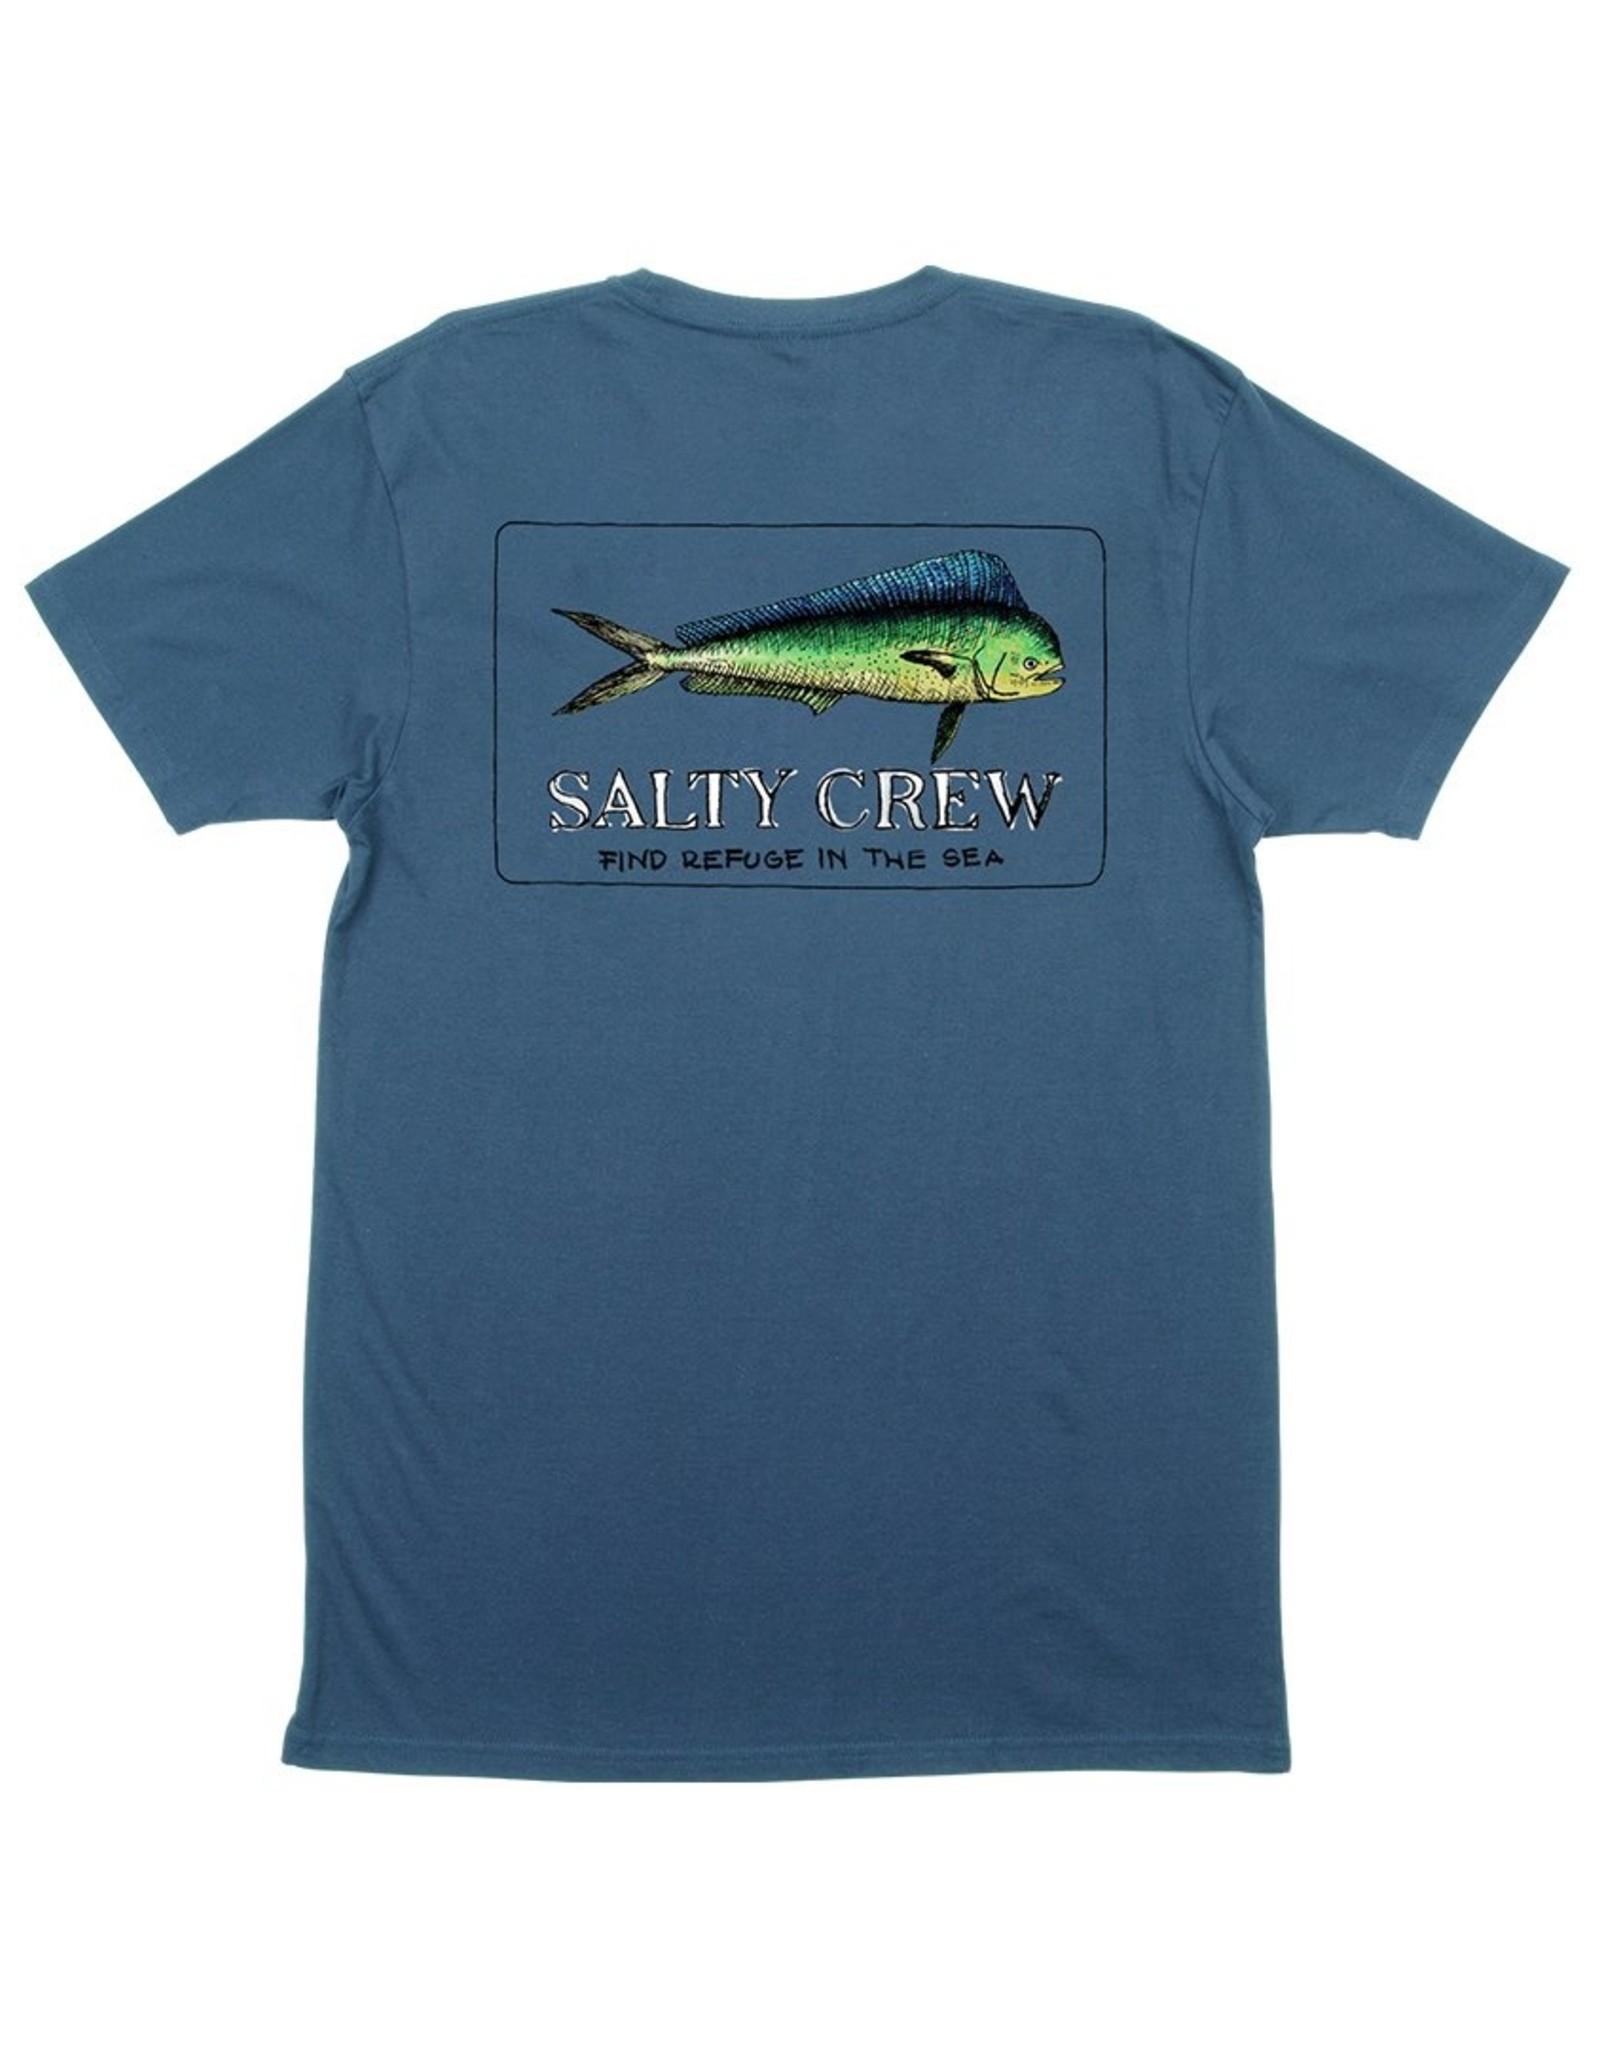 Salty Crew El Dorado Premium Tee
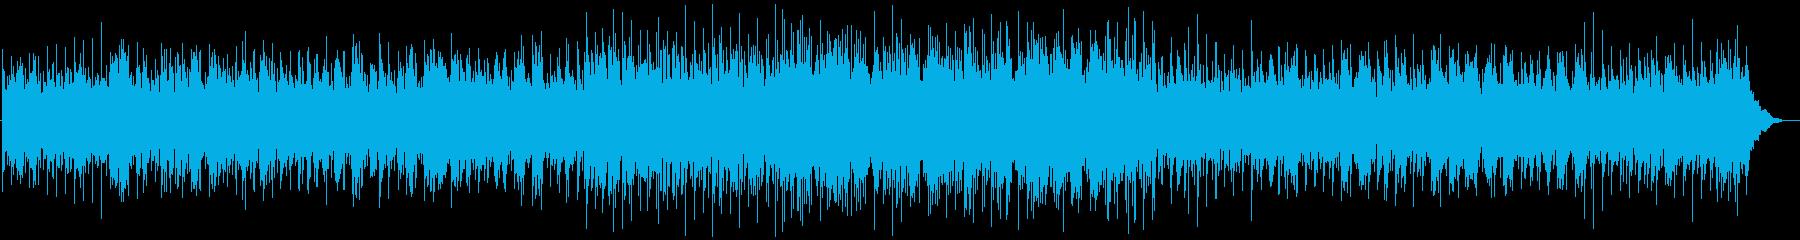 ほのぼのバンジョーのフォーク調BGMの再生済みの波形
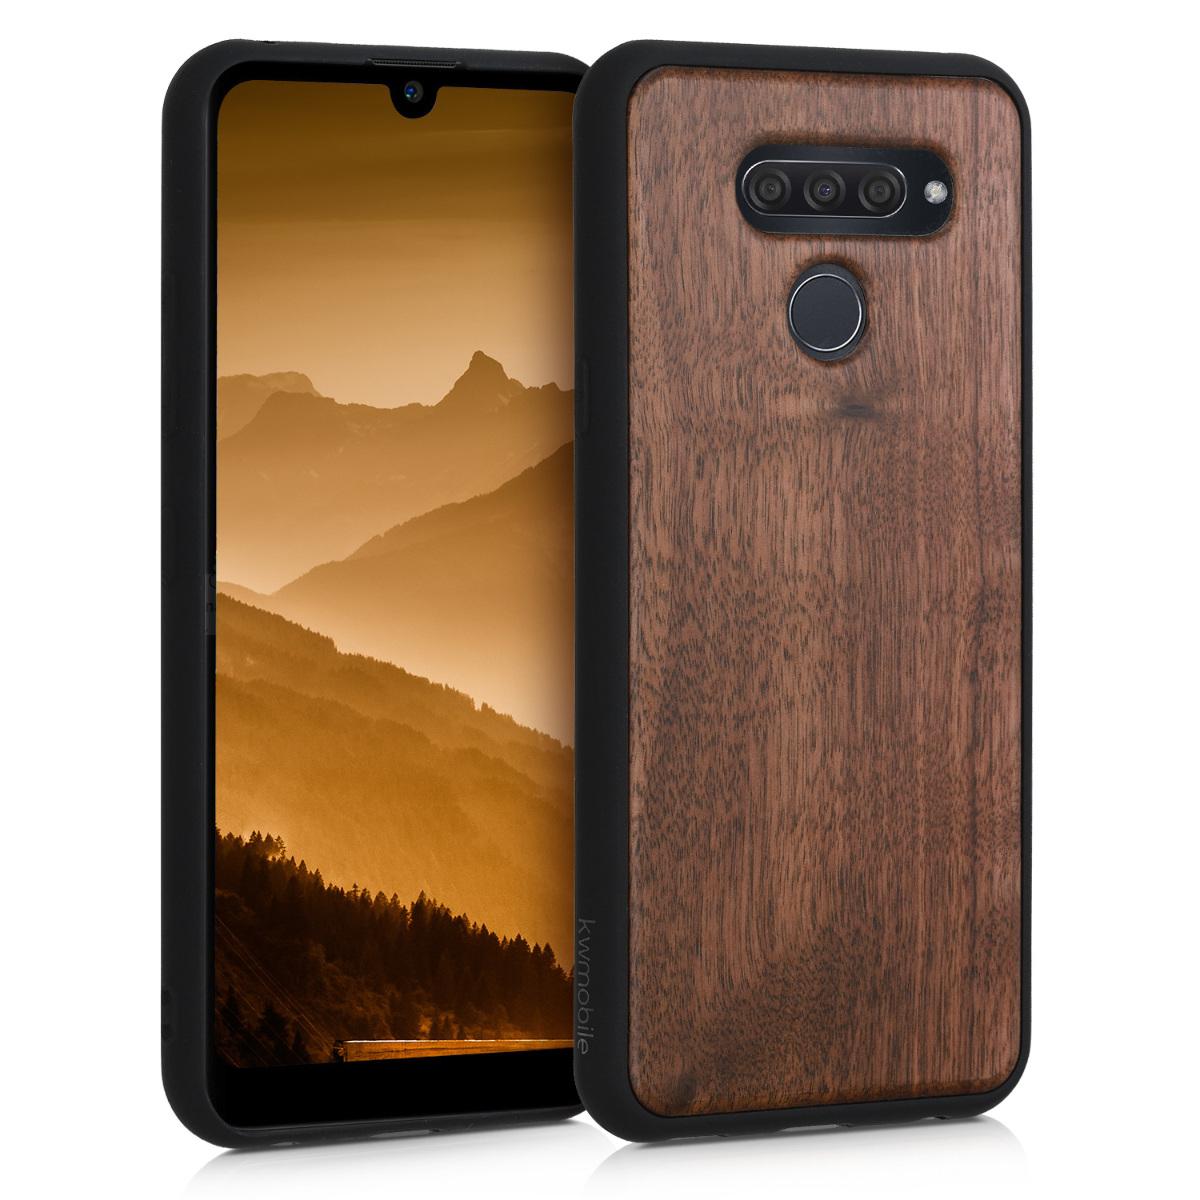 KW Σκληρή Ξύλινη Θήκη LG Q60 - Dark Brown (50518.18)
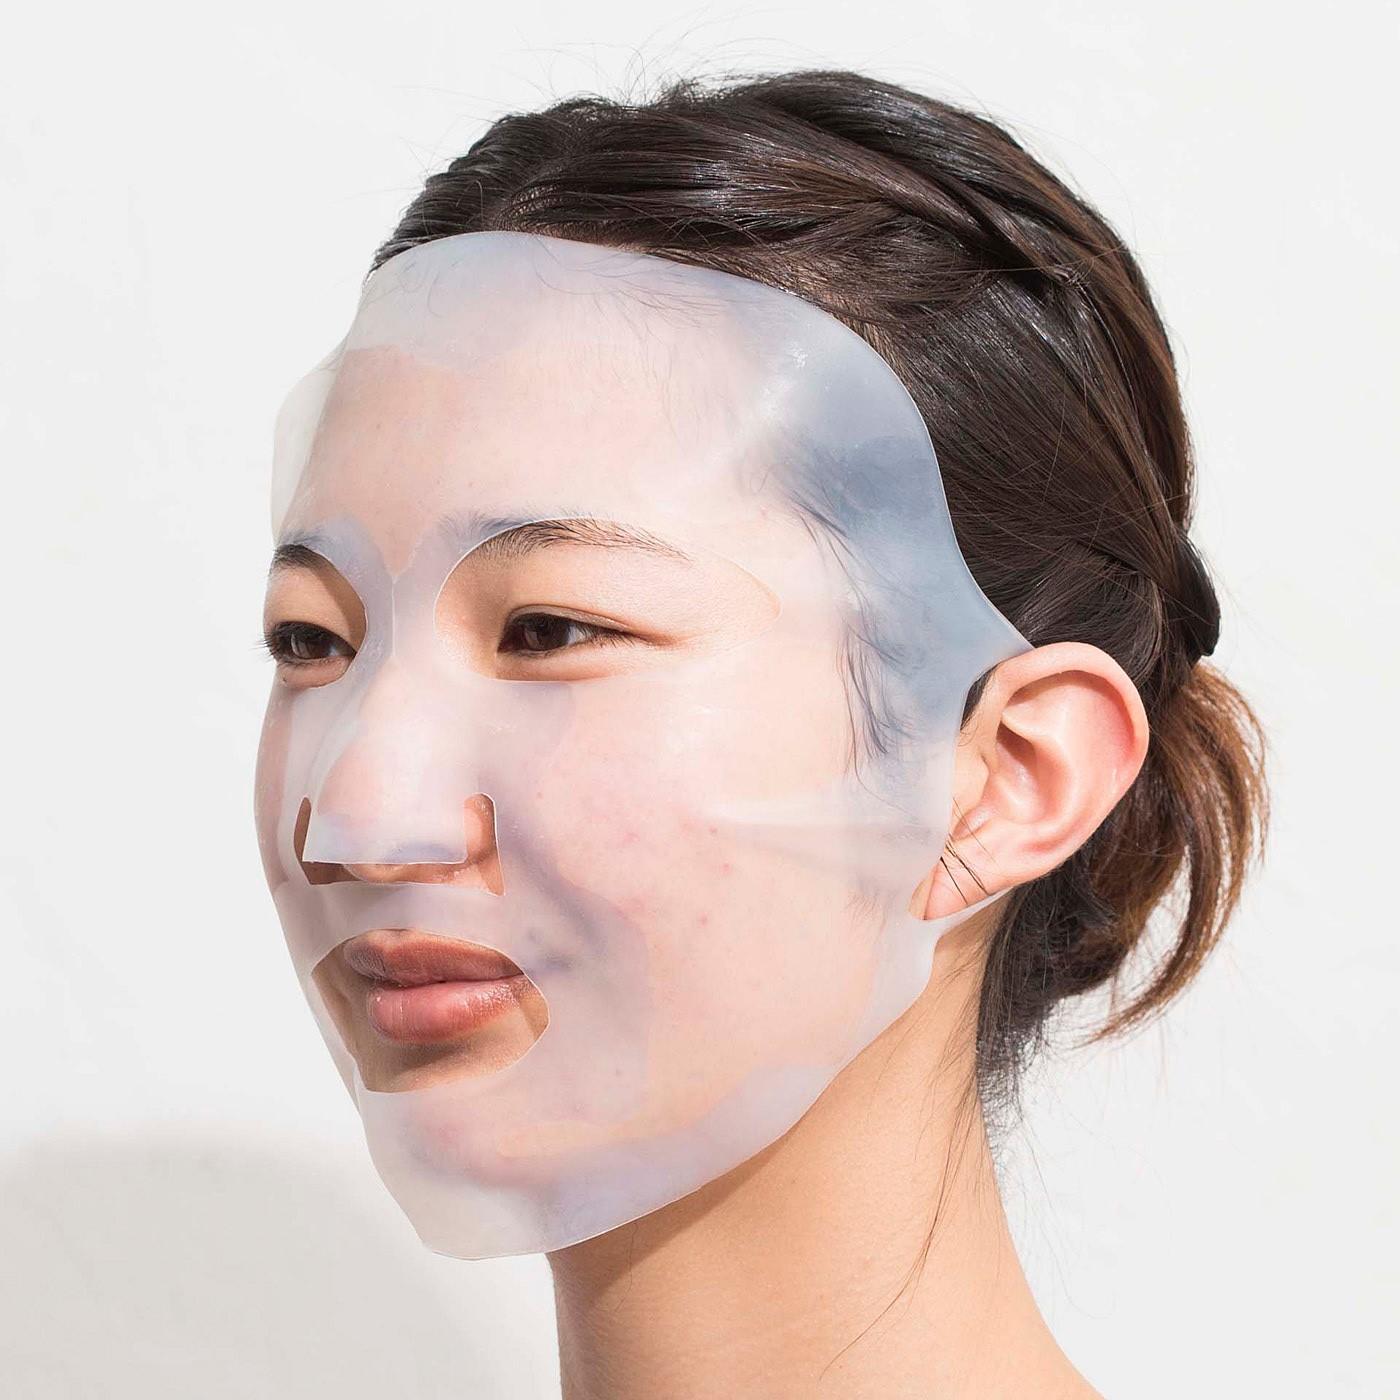 半身浴でサウナパック。ラップ効果で発汗を促す美顔ケア。

..........

— WORK TO COMPLETE —
The result should be a verbatim copy of the data, free of pictures.

— SOLUTION TO THE PROBLEM —
 Salty Crew El Dorado Premium Tee
 ほのぼのバンジョーのフォーク調BGMの再生済みの波形
 KW Σκληρή Ξύλινη Θήκη LG Q60 - Dark Brown (50518.18)
 半身浴でサウナパック。ラップ効果で発汗を促す美顔ケア。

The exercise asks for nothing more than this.